REQUIRED ACTION
Everything from the line with "bottle large brown" through the final line of the listing below must be retyped exactly, apart from the pictures.

DATA
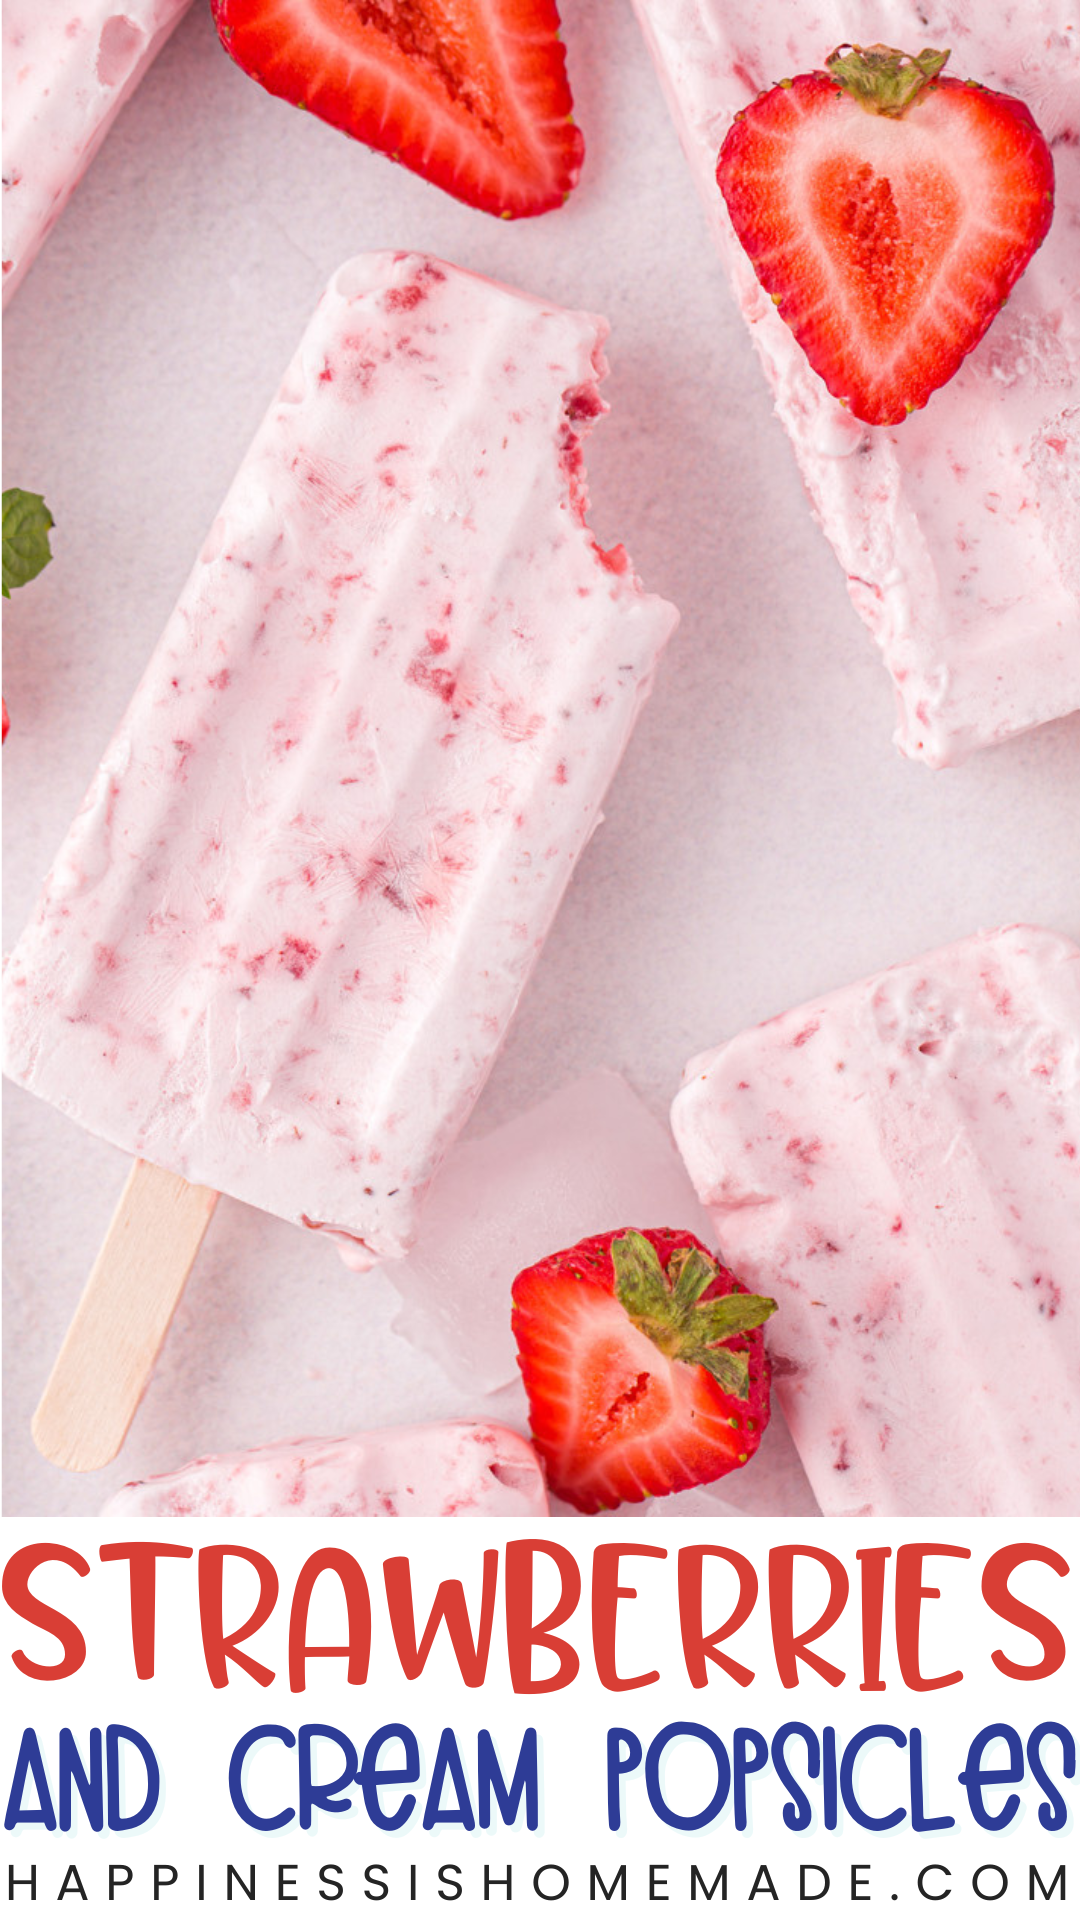 Strawberries and Cream popsicles recipe
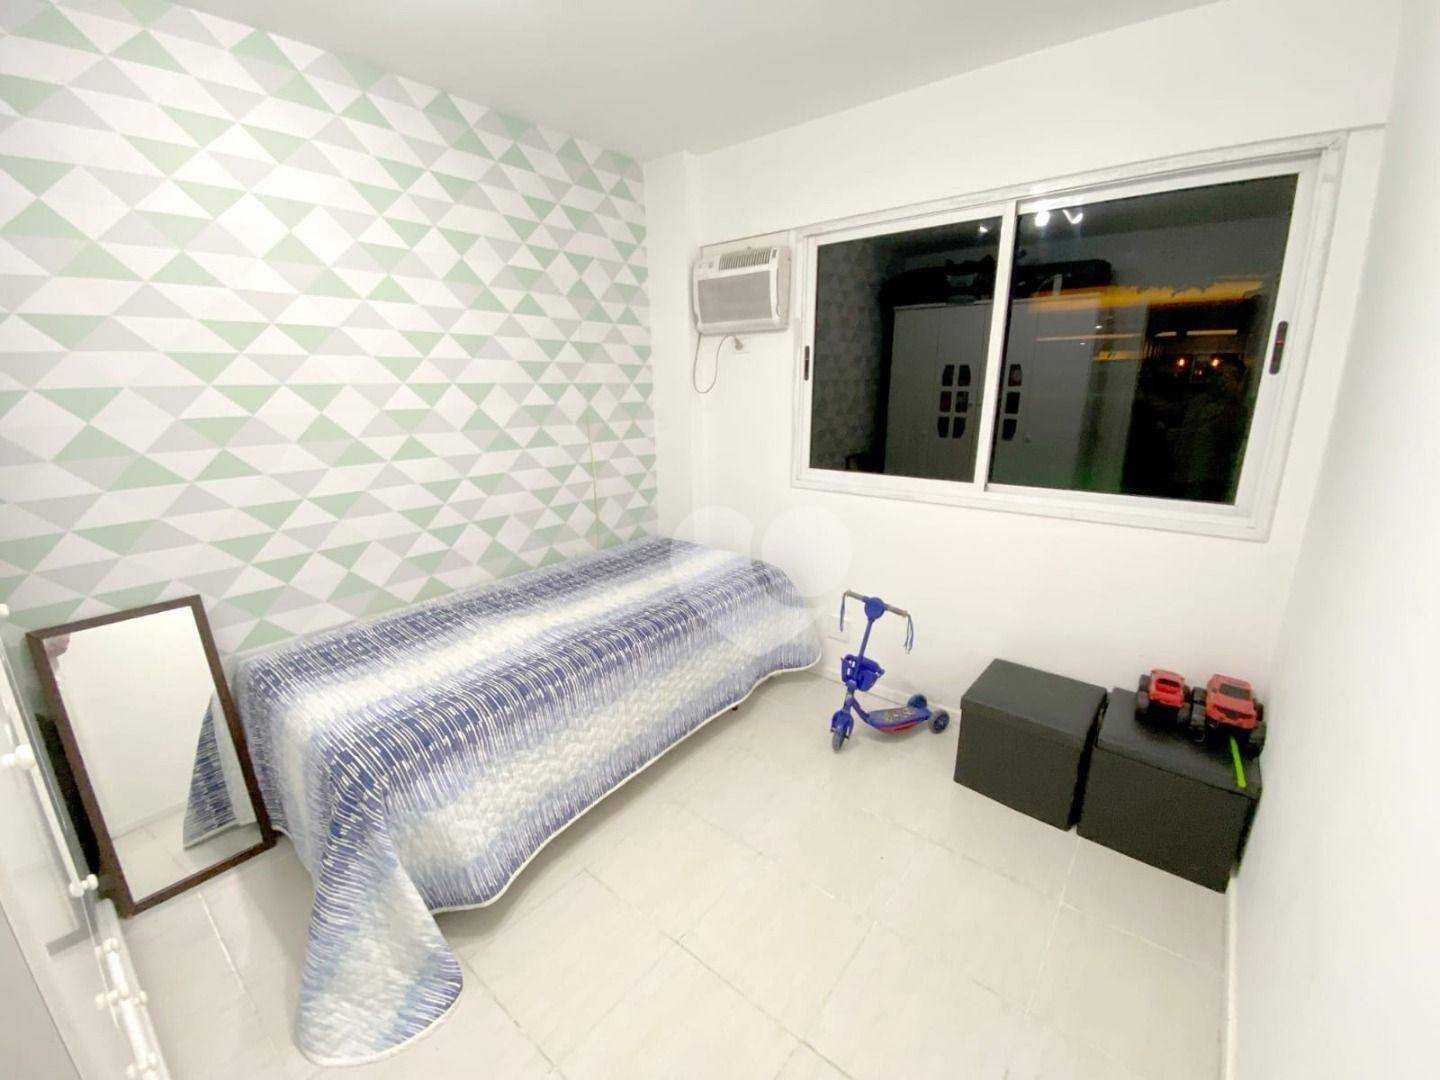 Condominium in Kapim Melado, Rio de Janeiro 11665017
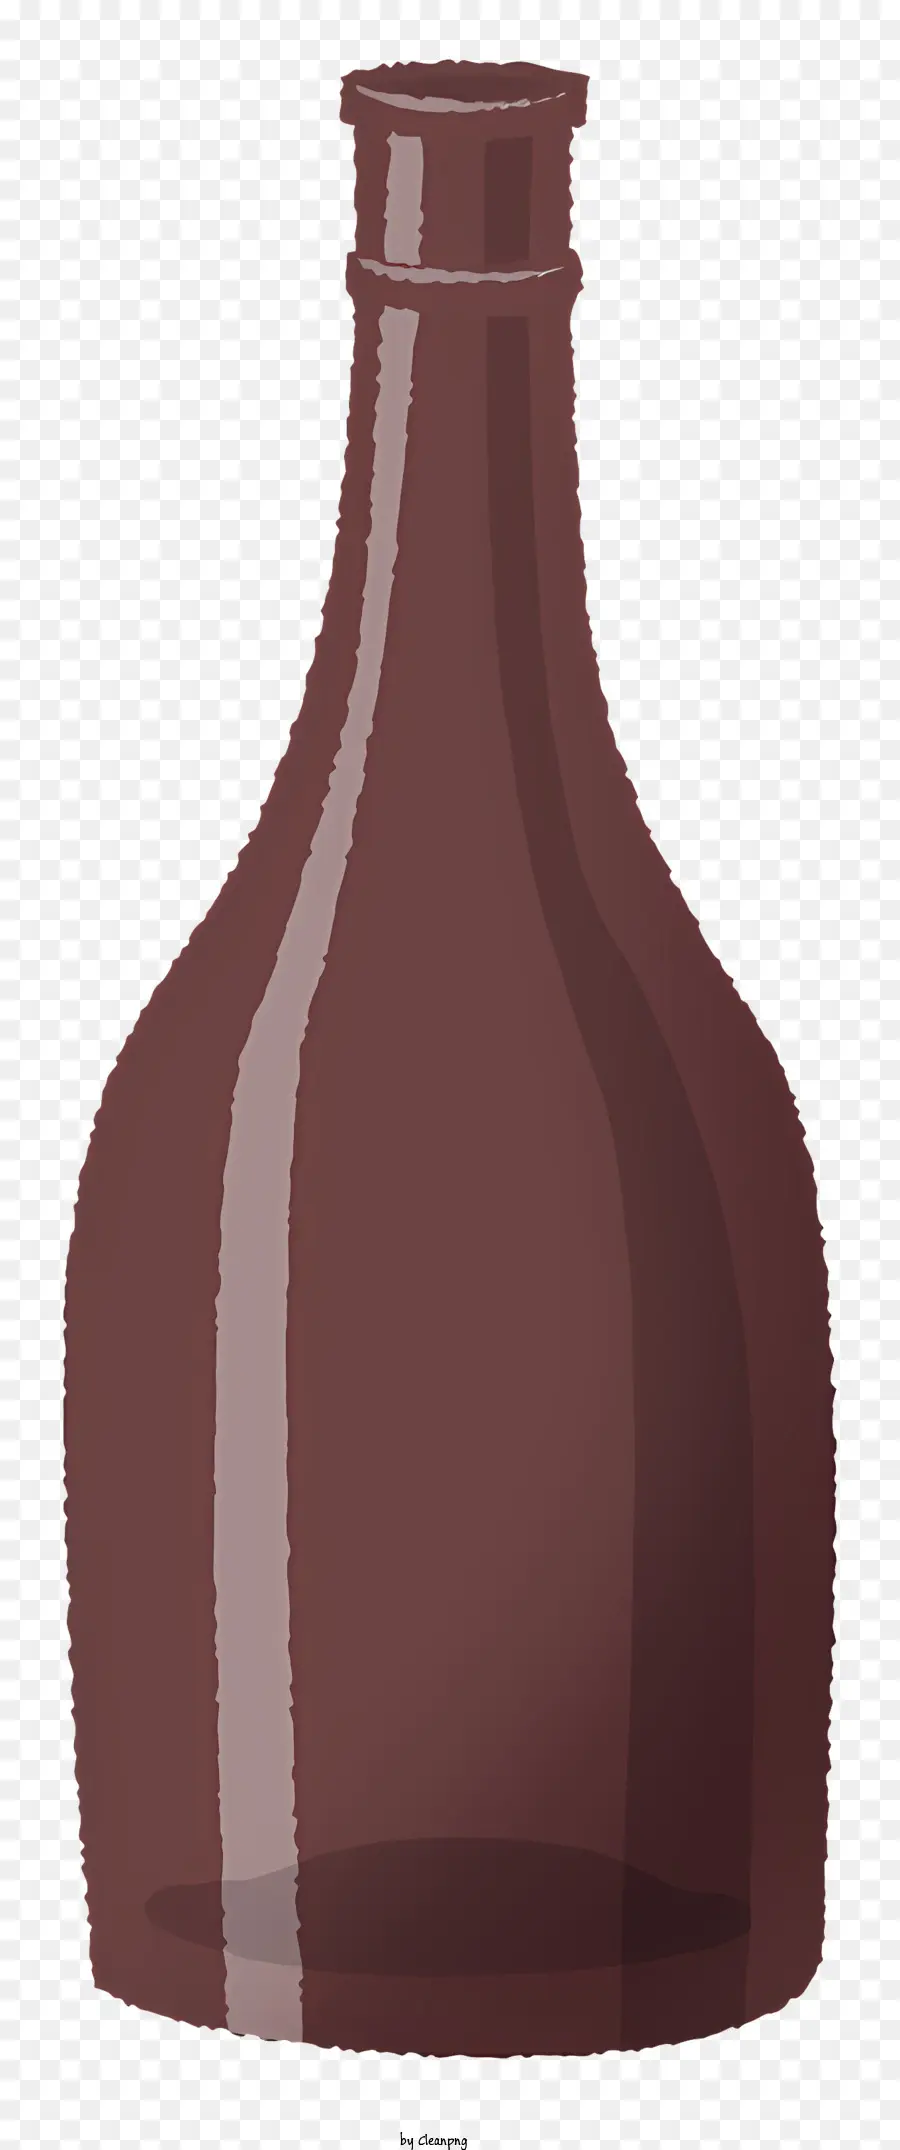 bottle large brown bottle narrow neck bottle wide mouth bottle glass bottle
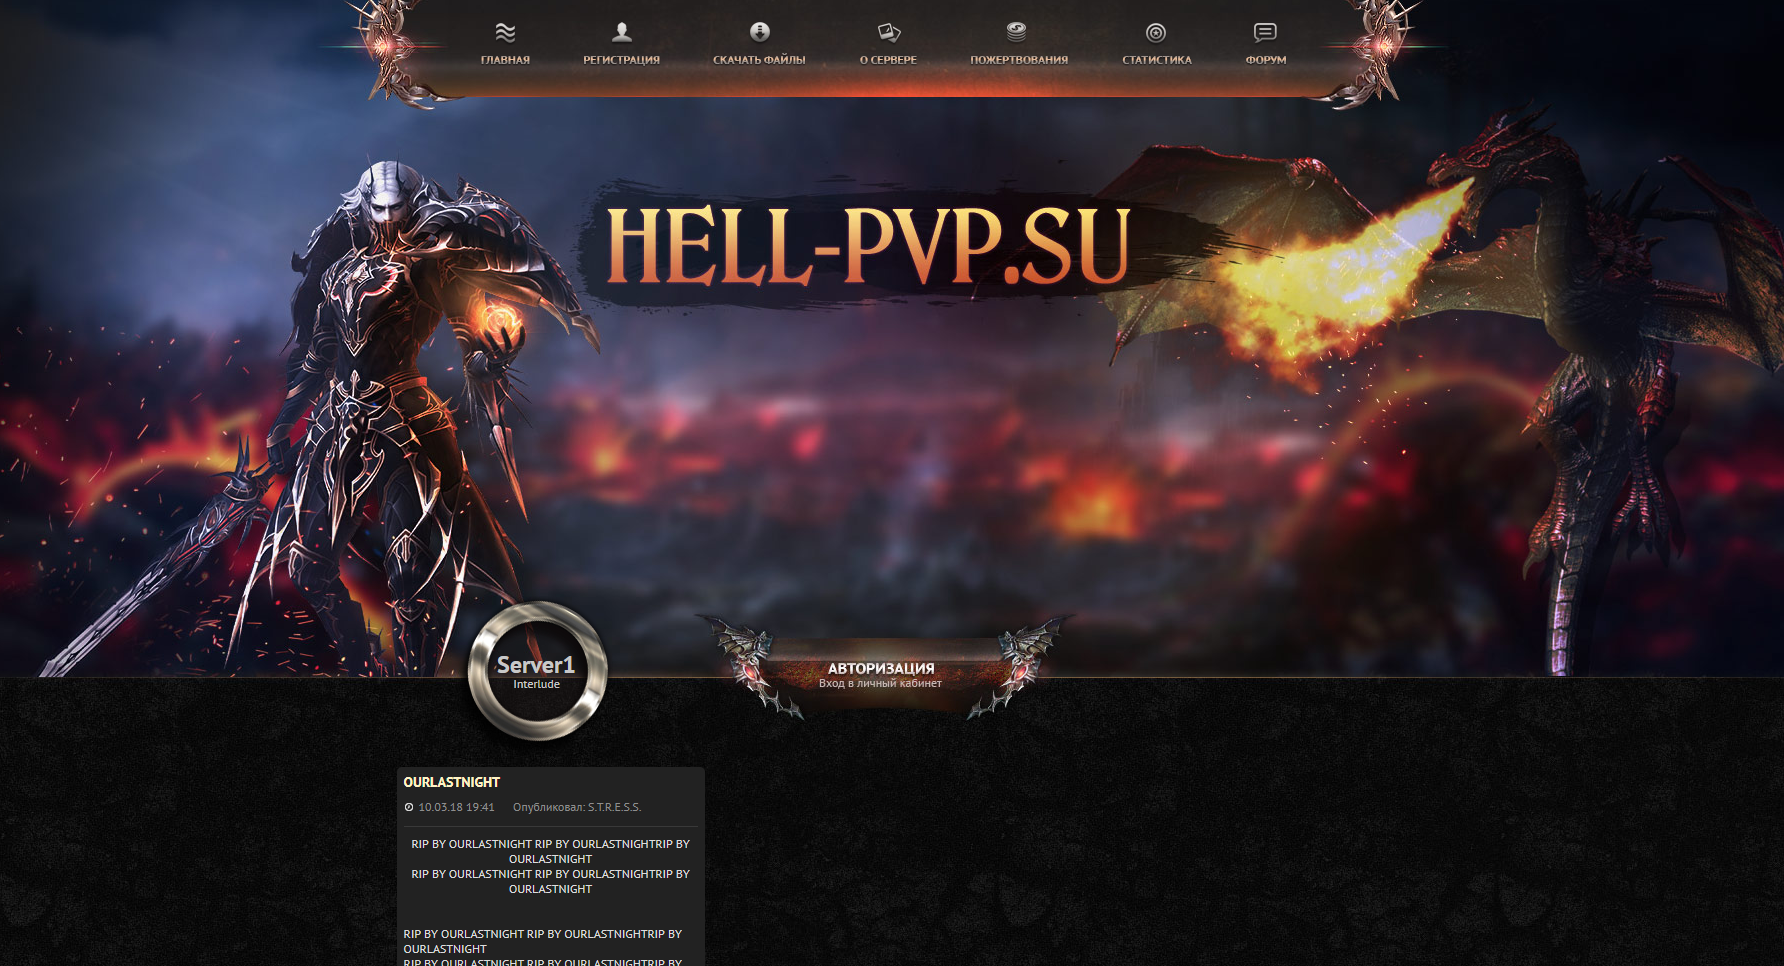 Rip Hell-PvP.Su - StressWeb 13

RESULT FOR THIS EXERCISE
 bottle large brown bottle narrow neck bottle wide mouth bottle glass bottle
 Rip Hell-PvP.Su - StressWeb 13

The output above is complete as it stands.